Within the TCGA (validation) dataset, both DNA methylation and gene expression data were available for a total of 12,197 genes. Consistent with the generally inhibitory effect of DNA methylation on gene activity, DNA methylation was generally inversely correlated with messenger RNA (mRNA) expression regardless of ER/PR status (Additional file 2: Table S2, P value <0.05 in Additional file 1: Figure S5). The number of genes for which expression was significantly inversely correlated with DNA methylation was twofold higher among ER/PR-positive than among ER/PR-negative tumors (5649 versus 2771, respectively, P value <0.05 in Fig. 3a), suggesting that ER/PR-positive tumors have more stable level of expression at genes experiencing DNA methylation than ER/PR-negative tumors.
Fig. 3

Correlation of DNA methylation with the level of gene expression in the validation dataset (TCGA). a Significance of the correlation between the level of DNA methylation and expression for each gene as determined by Pearson correlation coefficient (PCC). The correlation test was run for all samples, only ER/PR-negative samples, or only ER/PR-positive samples. b Correlation test (methylation versus expression) for predictors (Table 3). c Sample level data for gene expression of predictors (Table 3). Data is presented for 22 ER/PR-negative tumors and 53 ER/PR-positive tumors. The PCC across the BCCC samples and TCGA samples (methylation versus expression) is shown on the right

Many of the gene methylation markers that predicted of ER/PR status in the training dataset of 75 samples showed an inverse correlation between DNA methylation and gene expression level when analyzed in sets of 75 randomly assembled TCGA samples (Additional file 1: Figure S6). Regardless of whether we used DNA methylation data from the training or the validation dataset, an inverse correlation was common for gene methylation markers that were predictors of ER/PR status (compare Fig. 3b, c, also see Additional file 1: Figure S7). Highly significant inverse correlations were observed for FZD9, HDAC9, PAX6, PDGFRA, S100A2, and BMP2 genes, suggesting that DNA methylation at these CpG sites results in stable changes in gene expression. A positive correlation between DNA methylation and expression was found for one gene (i.e., PGR), suggesting that DNA methylation at the CpG sites within the PGR gene that were analyzed are not relevant to regulation of promoter activity. Sample level data showed that the predictor genes differ in the absolute level and robustness of changes in gene expression between the ER/PR-positive and ER/PR-negative groups (Fig. 3c). Our results suggest that hormone status correlates with DNA methylation status and with the activity of the identified set of genes.

Discussion

In a training dataset of newly diagnosed breast cancer patients, we observed a general tendency for higher levels of DNA methylation to be associated with ER/PR-positive disease, and we identified a set of predictor genes for which hypermethylation was highly significantly associated with ER/PR-positive disease. The vast majority of the predictor genes were confirmed in a validation dataset despite the fact that the methylation data from the validation dataset relied on a mostly different set of probes within the same 24 genes. Finally, increased methylation was associated with reduced expression for the vast majority of gene methylation markers, suggesting that we had identified a reproducible set of genes whose methylation might play an etiologic role in breast cancer subtypes.

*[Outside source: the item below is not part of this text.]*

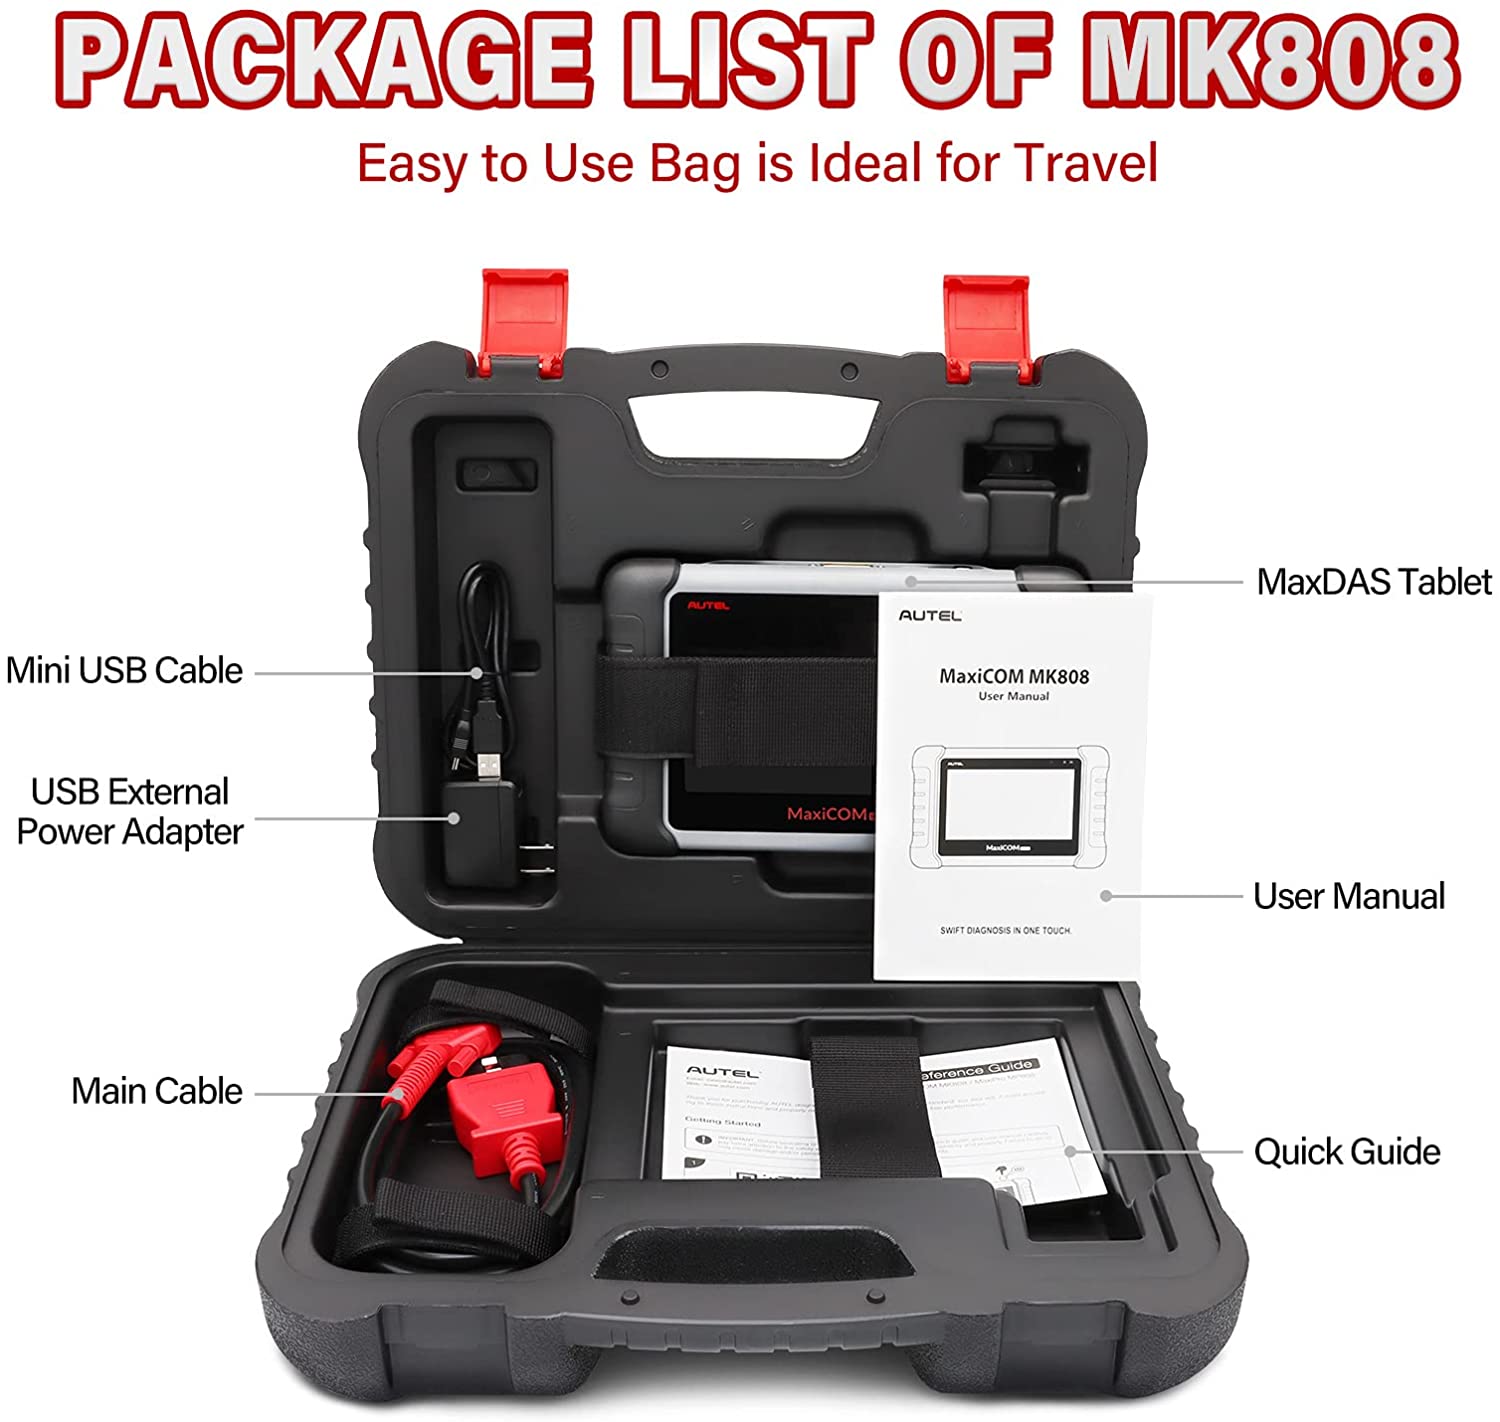 Autel MaxiCOM MK808Z OBD2 Car Diagnostic Scanner, Equipped with 28+ Maintenance Functions with All System Diagnosis Tool

Differential DNA methylation according to ER/PR status has previously been observed in breast cancer in both genome-wide studies [810, 12] and in studies of individual genes [13, 14]. In contrast, there was only a modest association of DNA methylation with HER2-positive status [12]. A large study of 466 breast cancers found that basal-like cancers which were 90 % ER/PR negative had a tendency to display hypomethylation, while luminal B (ER/PR-positive) breast cancers had a tendency to display hypermethylation [12]. The luminal B group had a low rate of mutations, in contrast to the group with hypomethylation that had p53 mutations. The characteristic hypermethylation of CpG islands related to ER/PR-positive breast tumors, which was termed “breast CpG island methylator phenotype” (B-CIMP), was first reported in 2011 [15]. The phenomenon of methylator phenotype was associated with low risk of metastasis and high rates of survival independently of known breast cancer characteristics. This result is consistent with the finding presented here that DNA methylation was generally associated with less aggressive, ER/PR-positive breast cancer.

The predictor genes that were differentially methylated according to ER/PR status were also differentially expressed. Loss of DNA methylation is not a prerequisite of increase in gene activity [16], and genomic regions that are hypomethylated in breast cancer cells compared to normal mammary epithelial cells do not necessary exhibit an increase in expression [17]. DNA hypomethylation occurs primarily in the form of partially methylated domains, displaying allelic DNA methylation, where one allele is DNA methylated while the second allele exhibits histone methylations H3K9me3 or H3K27me3 [17]. Because these histone modifications support the formation of repressive chromatin, loss of DNA methylation at one allele while retaining H3K9me3 or H3K27me3 at another allele fails to activate gene expression. On another hand, acquisition of DNA methylation at a single allele may have an effect on gene activity by limiting chromatin accessibility and transcription factor binding even in the absence of repressive histone modifications at another allele. The analysis that we report in this paper does not address the exact process through which DNA methylation might contribute to the repression of gene expression.

Our study yielded 24 disease predictors, which all have been linked to cancers in previous studies. When arranged in the order of significance (i.e., d value) from the top to the bottom genes in the list, the top gene is a receptor for Wnt signaling, frizzled class receptor 9 (FZD9). Hypermethylation of FZD9 has been previously shown to be associated with ER+ tumors [8, 10]. Hypermethylation of FZD9 correlates with transcriptional repression and is an independent predictor of poor prognosis for patients with acute myeloid leukemia (AML) [18, 19]. The bottom gene in the list encodes Bone Morphogenetic Protein 2 (BMP2). Promoter DNA methylation of BMP2 contributes to drug resistance in breast cancer [20]. Another most commonly inactivated gene in various cancers, Ras association domain-containing protein 1, RASSF1, undergoes either DNA methylation or chromosomal deletion in breast cancer [21]. In patients with chromosome deletion of FZD9 or RASSF1, aberrant methylation of the remaining allele was associated with the poorest clinical outcome [19, 21], indicating their functional contribution.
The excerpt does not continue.